Hoewel de commissie inziet dat de omstandigheden bij het ophalen van de huurauto voor de consument niet optimaal waren om de voorwaarden van een af te sluiten aanvullende verzekering door te lezen, in die zin dat hij in een lange rij stond met wachtende klanten achter zich én de betreffende voorwaarden digitaal doorgenomen moesten worden, blijft het de verantwoordelijkheid van de consument om zich op de hoogte te stellen van de inhoud van de voorwaarden van de aanvullende verzekering voordat hij die afsluit. De consument heeft er echter voor gekozen om die voorwaarden niet door te lezen alvorens hij het contract met de autoverhuurder ondertekende. Met de ondertekening van het contract was hij echter wel gebonden aan die voorwaarden en zijn – gelet op voornoemd artikel 3.2.4 – de kosten in verband met de bandschade aan de huurauto terecht bij hem in rekening gebracht. Ter zitting heeft de consument benadrukt dat hij van de ondernemer had verwacht dat die hem van tevoren op de hoogte had gebracht van de inhoud van de voorwaarden van de aanvullende verzekering. Door dat niet te doen, heeft de ondernemer zijns inziens de informatieplicht geschonden. De commissie volgt de consument niet in die zienswijze. Op de eerste plaats wist de ondernemer niet of de consument ter plekke een aanvullende verzekering wilde afsluiten, op de tweede plaats kan van de ondernemer niet verwacht worden dat hij op de hoogte is van alle voorwaarden van (aanvullende) verzekeringen die door diverse autoverhuurders worden aangeboden.
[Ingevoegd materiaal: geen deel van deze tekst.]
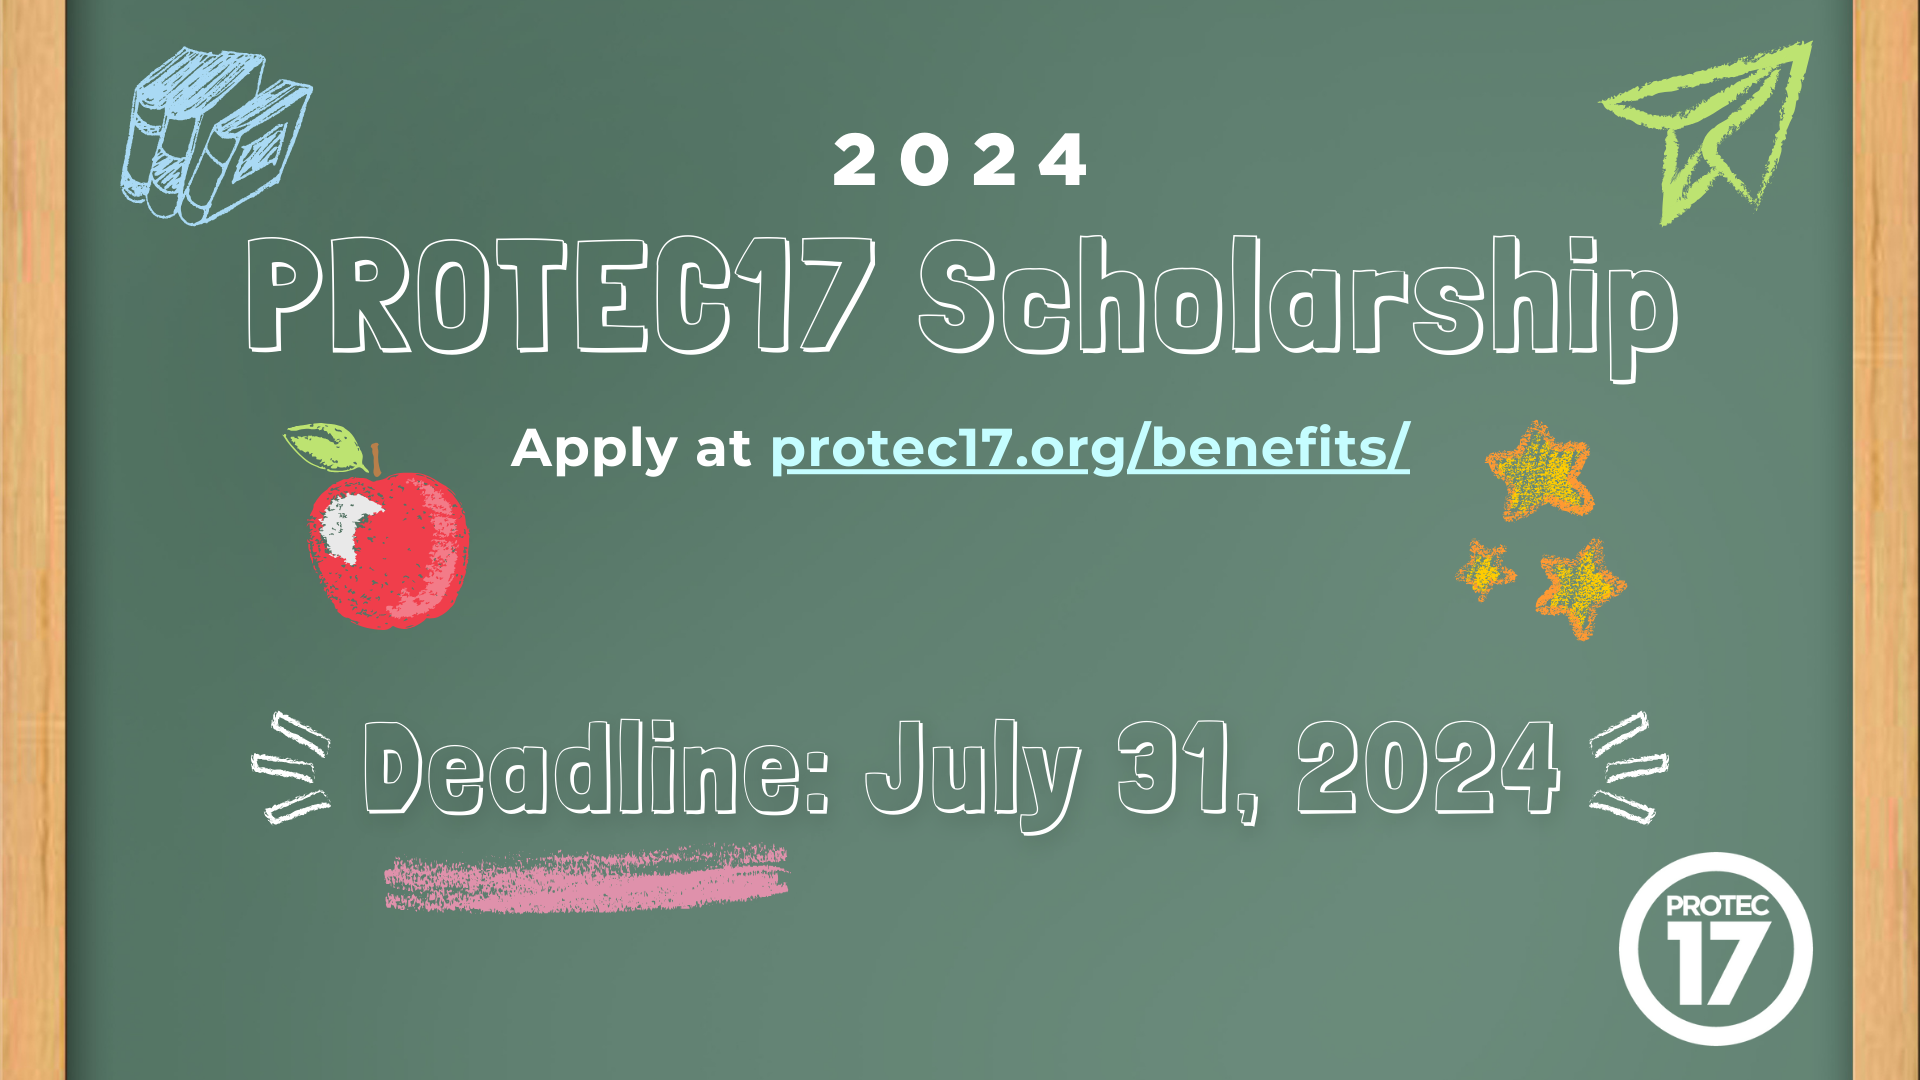 The image looks like a realistic chalkboard. The text from top to bottom reads, "2024 PROTEC17 Scholarship | Apply at protec17.org/benefits/ | Deadline: July 31, 2024" There are cute chalk drawings around the words such as: a stack of books, a flying paper airplane, stars, and an apple. The PROTEC17 logo is in the bottom right.
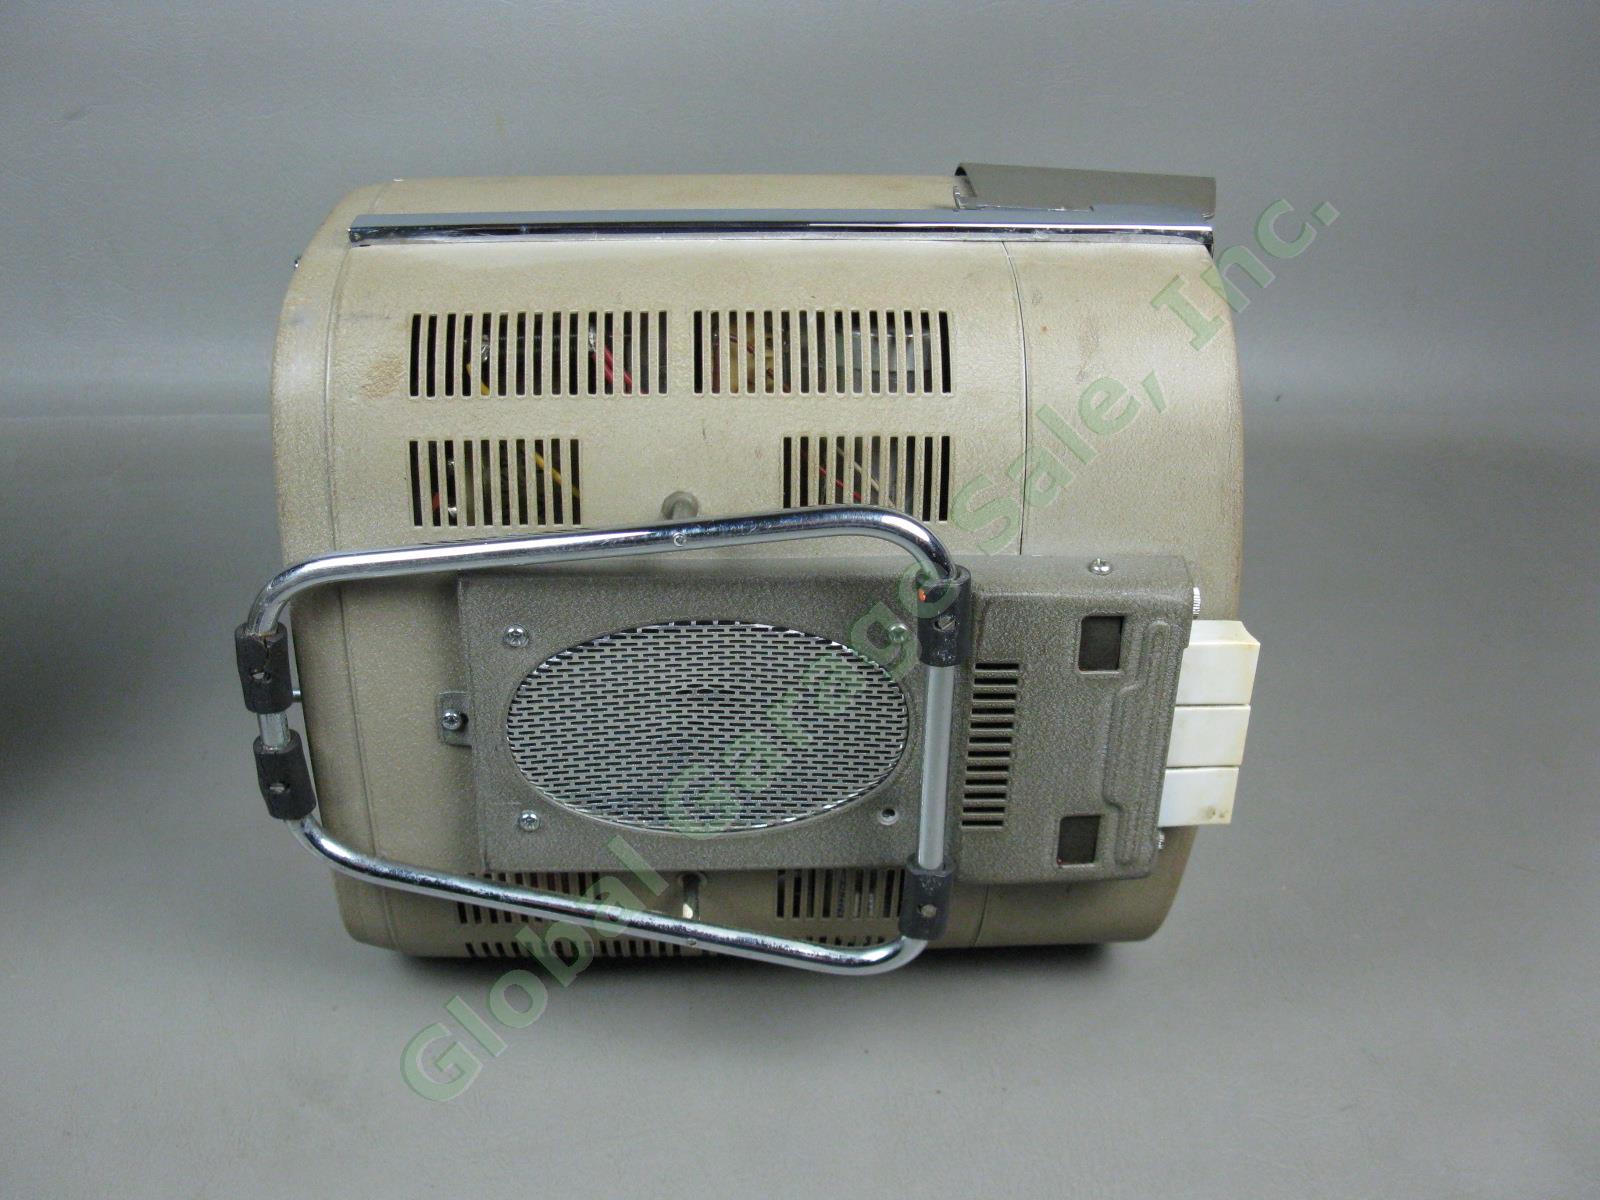 Rare Vtg 1961 Sony 8-301W 1st Portable Television Space Age TV Receiver Bundle 6

Op grond van het voorgaande zal de commissie de klacht ongegrond verklaren. Derhalve wordt als volgt beslist.
Beslissing
De commissie verklaart de klacht ongegrond, zodat het door de consument verlangde wordt afgewezen. Aldus beslist door de Geschillencommissie Reizen, bestaande uit de heer mr. H.A. van Gameren, voorzitter, de heer J.H.M. Boshuis, de heer mr. P.C. de Klerk, leden, op 30 juli 2024.